And remember, we’re looking at an absolute difference of less than one percent in symptom reporting rates between the control group and intervention group. Ask yourself whether the biases listed above can explain that difference.
Is this bias theoretical or actual?
Okay, so there are a ton of ways that the survey could have injected bias into the study. But did it actually?
I shouldn’t even need to ask this question. The authors should already have discussed it at length in the paper and made an honest attempt to correct for it. Instead, all we get is two measly sentences in the “Study limitations” section that do not even come close to explaining the extent of the potential problem:
“[S]urvey respondents could have changed their likelihood of reporting symptoms in places where mask-wearing was more widespread. If respondents were more cognizant of symptoms in mask-wearing areas, this may bias us toward underestimating the impact of masks; if respondents in mask-wearing areas were less concerned with mild symptoms and thus were less likely to recall them, this might bias us toward overestimating the impact of masks.”
As long as I do need to ask this question, though, let me answer it as well: Based on the data, it sure looks like it did.
The survey medium shouldn’t have mattered, but it did
First, if the survey results really were reliable, then the intervention should be as effective whether you asked someone about their symptoms using a phone survey or an household survey. On the other hand, if the survey results were biased in the ways described above, then the intervention would appear more effective in the household surveys than in the phone surveys. The tendency to give the “correct” answer, the moral shame of admitting to having been sick, and the fear of being ostracized are all higher when the researcher is actually at your doorstep. So is the ability for that researcher to consciously or unconsciously influence the survey to get the answers they want.

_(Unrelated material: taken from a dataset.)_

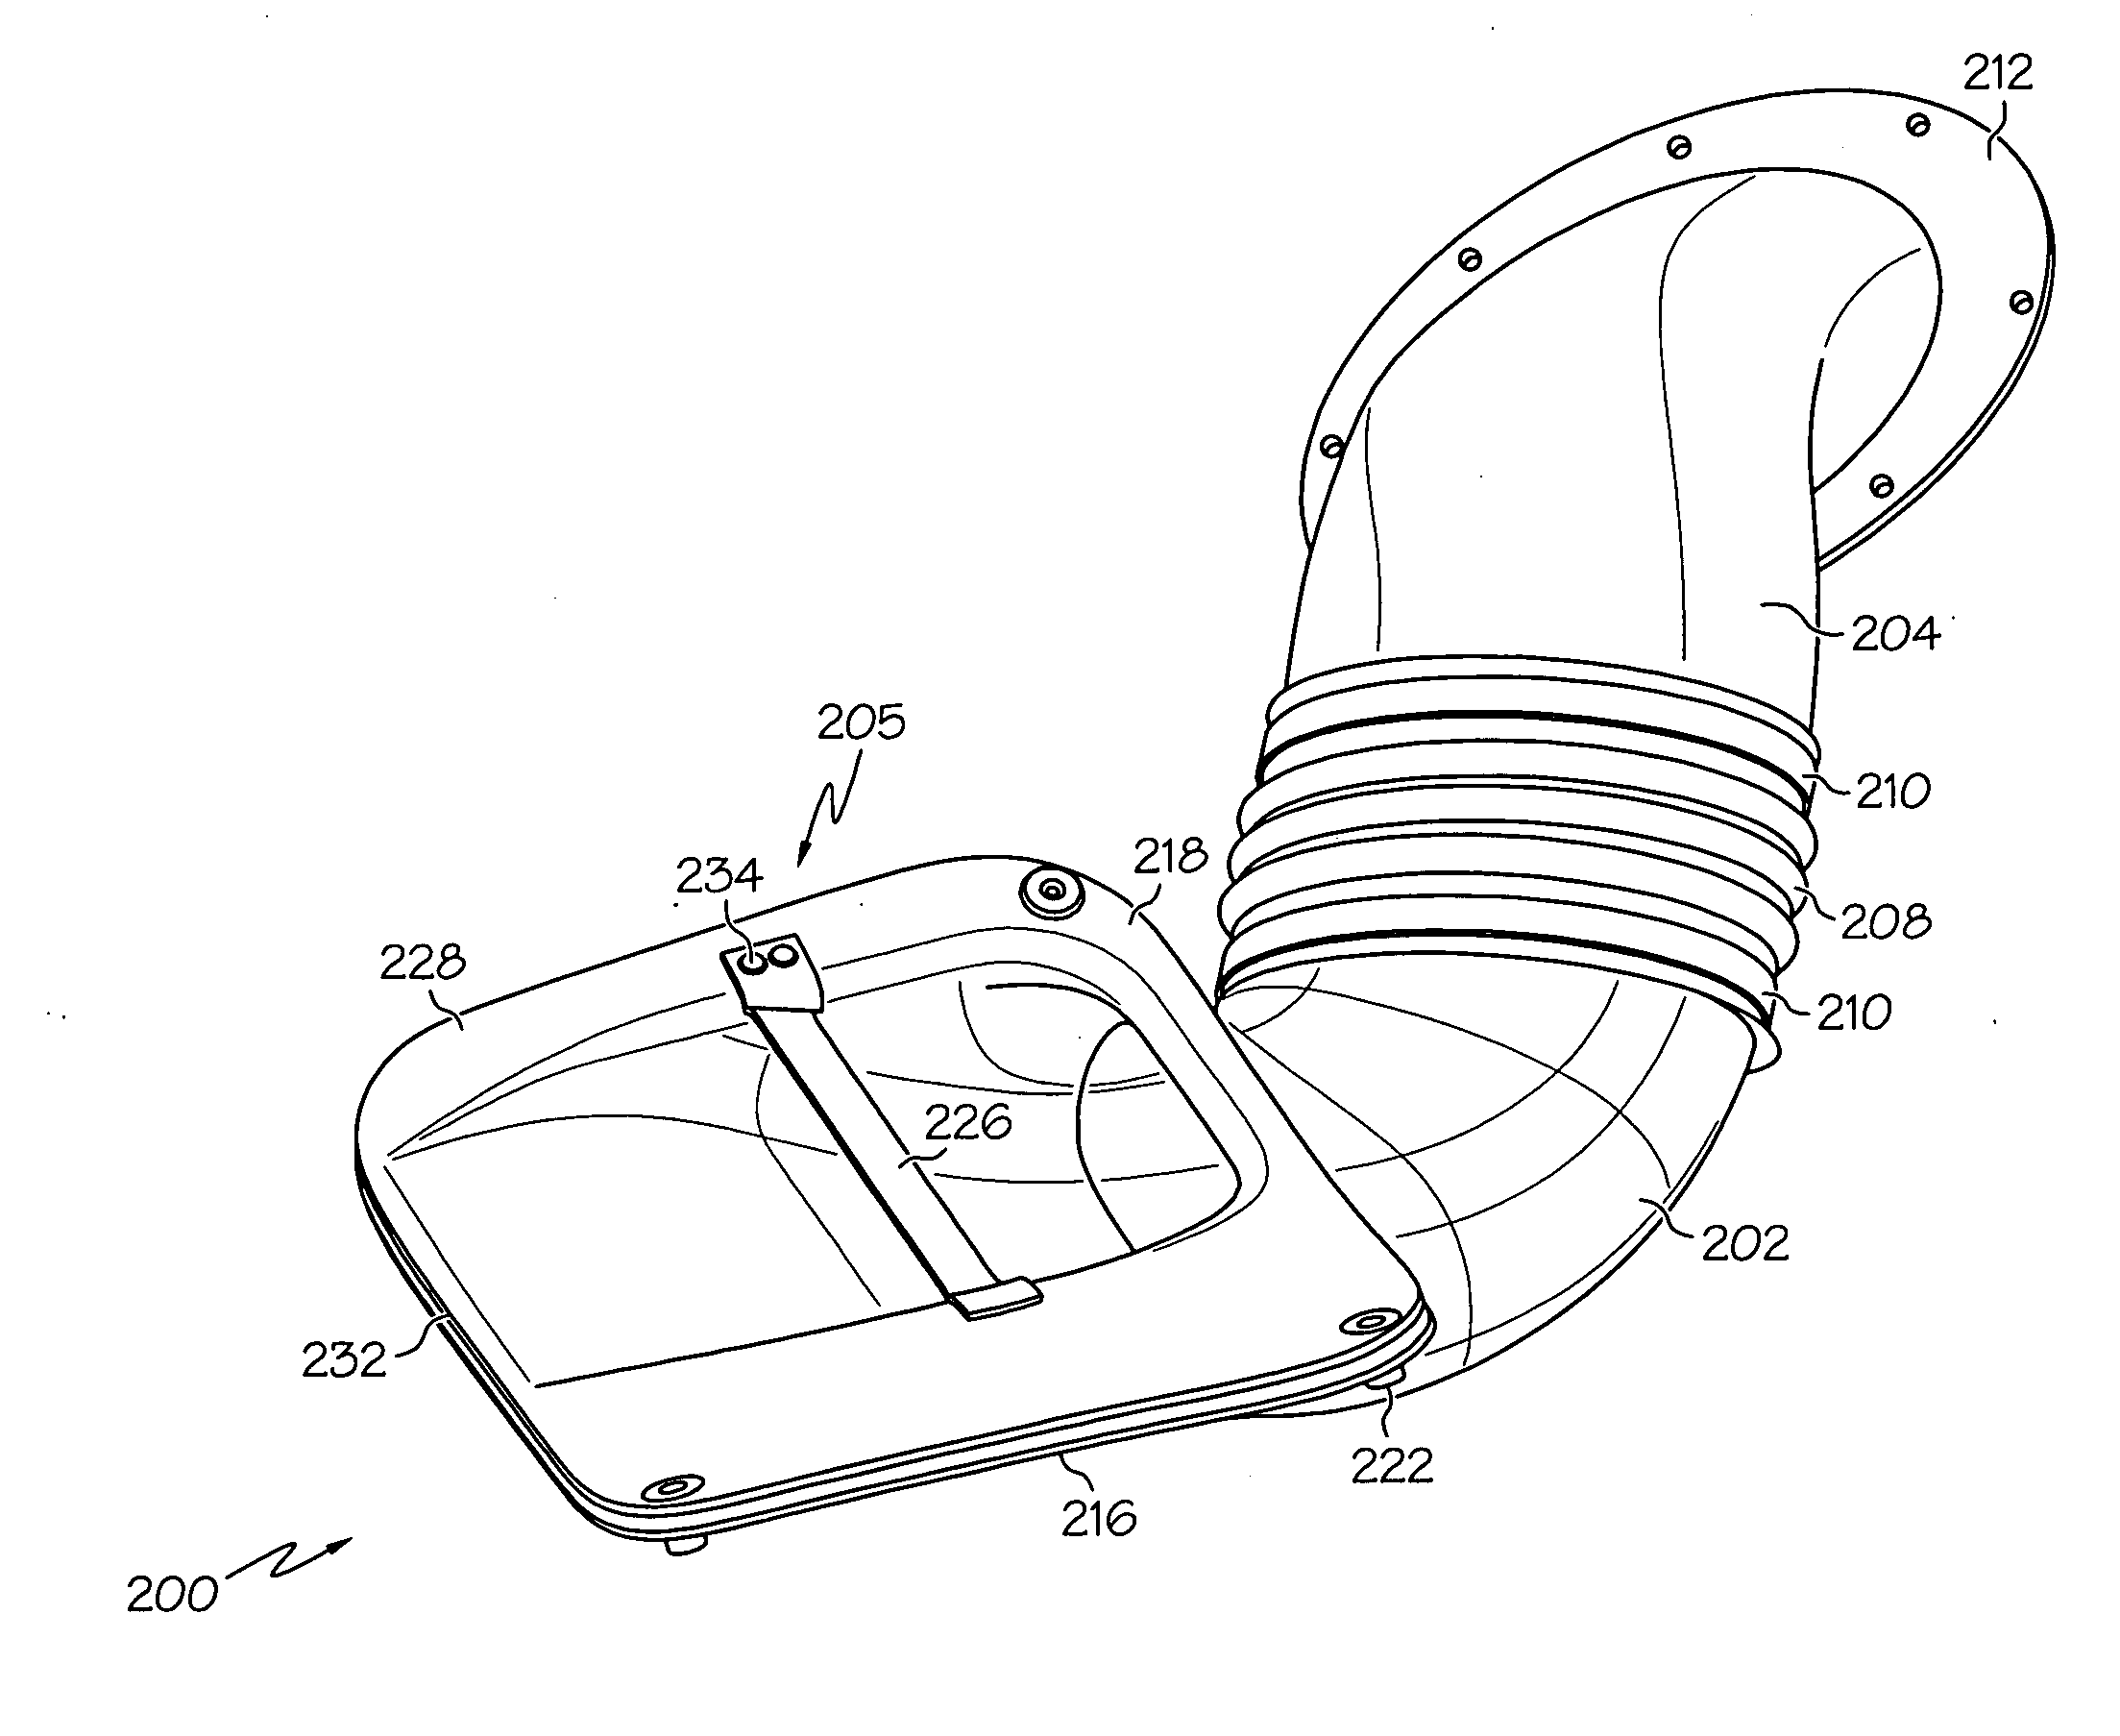 Flush inlet scoop design for aircraft bleed air system

Here is a graph demonstrating the comparison. Each blue (respectively, orange) bar represents the proportion of individuals in the control group (respectively, the intervention group) who had “WHO-defined COVID-19 symptoms” according to one particular type of survey. For example, the leftmost orange bar indicates that about 3.5% of individuals in the intervention group reported symptoms in a phone survey.
As you can see, the intervention was significantly more effective if you asked people about their symptoms in person rather than over the phone.
It should also be noted that more “WHO-defined COVID-19 symptoms” were reported in the household surveys than in the phone surveys, even though there were fewer household surveys overall (287,163 vs. 292,831) and those household surveys were carried out at a time of lower COVID-19 prevalence (see the graphs from Our World in Data below).
The intervention worked less well against more “objective” symptoms
Rather than merely asking how well the intervention prevented “WHO-defined COVID symptoms”, we can also more specifically examine how well the intervention prevented each individual symptom in the survey. In the graph below, each blue bar represents the rate of a particular symptom in the control group, and each orange bar represents the rate of a particular symptom in the intervention group. For each symptom, we can look at the difference between the orange and blue bars to see how “effective” the intervention was at reducing rates of that symptom.
There’s a lot of data here, and probably many possible conclusions, but what jumps out to me personally is this: The more you need to think to answer the question “Did you experience X in the past four weeks?”, the more the intervention reduced the rates of X.
The intervention seems to have been very effective against headache, fatigue or malaise, and body aches (muscle or joint pain). These symptoms are relatively common even outside of a pandemic; so common that you might not even remember that you, or someone you live with, had them. They have wild variations in severity: even if you do remember having a headache, if it was mild enough, you might not say “yes” when someone asks you.
That means there’s a lot of room for your answer to depend on the answer expected of you, or your perception of your COVID risk, or the masked death stare of the researcher asking you the question, or all the other pernicious factors we’ve discussed. These were also the three most reported symptoms overall, so they probably contributed a great deal to the overall rate of “WHO-defined COVID-19 symptoms”.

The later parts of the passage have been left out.